A shadow, perhaps a shoulder and an arm, showed against the lower portion of that glass. Why hadn’t she already bought the pepper spray. Moving quickly and quietly, she went into the kitchen and, without turning on a light, found a carving knife.
Reb returned to the hall, slipping along with her back to a wall, Gaston in one arm, the knife in the opposite hand. She was good with knives, maybe not carving knives, but blades and using them didn’t bother her.
The clock in the surgery socked out its hollow, brassy bong and she almost dropped both dog and knife. Her hands sweated, and she wiped each one awkwardly.
Flitting through the gloom, she went into the patients’ waiting room and rose to her tiptoes to approach the bay window.
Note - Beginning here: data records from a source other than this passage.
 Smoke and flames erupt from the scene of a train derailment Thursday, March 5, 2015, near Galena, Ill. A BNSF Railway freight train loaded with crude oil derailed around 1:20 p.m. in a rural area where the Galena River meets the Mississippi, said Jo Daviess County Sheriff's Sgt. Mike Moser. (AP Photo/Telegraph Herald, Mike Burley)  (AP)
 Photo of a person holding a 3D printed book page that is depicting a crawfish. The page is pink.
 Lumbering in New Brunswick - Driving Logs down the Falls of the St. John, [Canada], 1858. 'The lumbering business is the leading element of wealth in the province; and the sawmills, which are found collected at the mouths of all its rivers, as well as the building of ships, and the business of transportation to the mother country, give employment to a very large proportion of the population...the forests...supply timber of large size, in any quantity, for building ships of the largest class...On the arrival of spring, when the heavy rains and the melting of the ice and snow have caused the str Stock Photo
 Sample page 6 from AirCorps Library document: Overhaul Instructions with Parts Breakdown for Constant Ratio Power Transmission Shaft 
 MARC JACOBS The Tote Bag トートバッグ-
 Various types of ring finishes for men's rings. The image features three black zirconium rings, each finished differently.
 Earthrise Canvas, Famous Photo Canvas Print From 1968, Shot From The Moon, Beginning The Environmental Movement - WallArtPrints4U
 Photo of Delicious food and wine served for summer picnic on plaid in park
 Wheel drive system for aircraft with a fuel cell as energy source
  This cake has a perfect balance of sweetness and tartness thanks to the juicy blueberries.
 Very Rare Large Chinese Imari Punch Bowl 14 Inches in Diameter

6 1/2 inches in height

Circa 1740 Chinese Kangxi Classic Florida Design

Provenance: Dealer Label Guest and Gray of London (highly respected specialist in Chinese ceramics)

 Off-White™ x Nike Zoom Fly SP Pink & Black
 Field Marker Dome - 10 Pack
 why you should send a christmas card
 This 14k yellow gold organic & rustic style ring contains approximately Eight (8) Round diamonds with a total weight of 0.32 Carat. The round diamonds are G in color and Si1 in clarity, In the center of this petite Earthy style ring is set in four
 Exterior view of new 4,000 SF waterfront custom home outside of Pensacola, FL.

No way was she calling anyone out on another false alarm. She edged behind a heavy curtain and managed a one-eyed peer through lace curtains—and had the sensation she’d just swallowed her own heart.
A man sat on the top step, his back against the front door. She dared another peek, and quickly drew back again.
Walking quickly and quietly, she went to the door, realized that since she hadn’t been there when Marc and Spike left, the bolt wasn’t on and neither was the chain. Reb yanked on the handle.
The man with his shoulder pressed to the door, fell backward, flat backward. He scrambled to get up, but flopped down again when he came eye-to-blade with the carving knife.
“Look,” he said, holding up both palms.
Reb didn’t wait for whatever he had to say. With her weapon she made small circles at inch from his nose. “I used to think I’d like to be a plastic surgeon,” she said. “Maybe I still would. I could start by getting rid of your ears. You’d appreciate a narrower head for sneaking in and out of places. Women like scars, y’know. How about something flashy about here?” She rested the knife on the side of his neck. “What’ll it be, Marc? Ears, throat, or…anything else we might come up with?”
He thought, Marc decided, that Reb O’Brien was the cutest serious woman he’d ever met. Telling her so at this moment might not be wise. “Look,” he repeated for the third time, knowing her reaction would probably be the same as on the first two attempts to communicate.
“I’m not ready to listen to your excuses.”
Right again, Girard.
Not that being right would make her wooden floors any easier on his back. The knife he could so easily take away continued to dangle a few inches above his nose.
“Reb, I’ve got a confession to make.” The pesky poodle poked his nose in Marc’s ear.
“Save it.”
She stood with her feet braced apart. Her silhouette was fuzzy inside the flimsy cotton gown and robe, but not too fuzzy for a man with any imagination. He adjusted his position on the floor without any positive effect on his discomfort.
“Reb—”
“I said
save
it.”
“I can’t. I need to use the bathroom.”
“Hold it. It’s good to practice bladder control.”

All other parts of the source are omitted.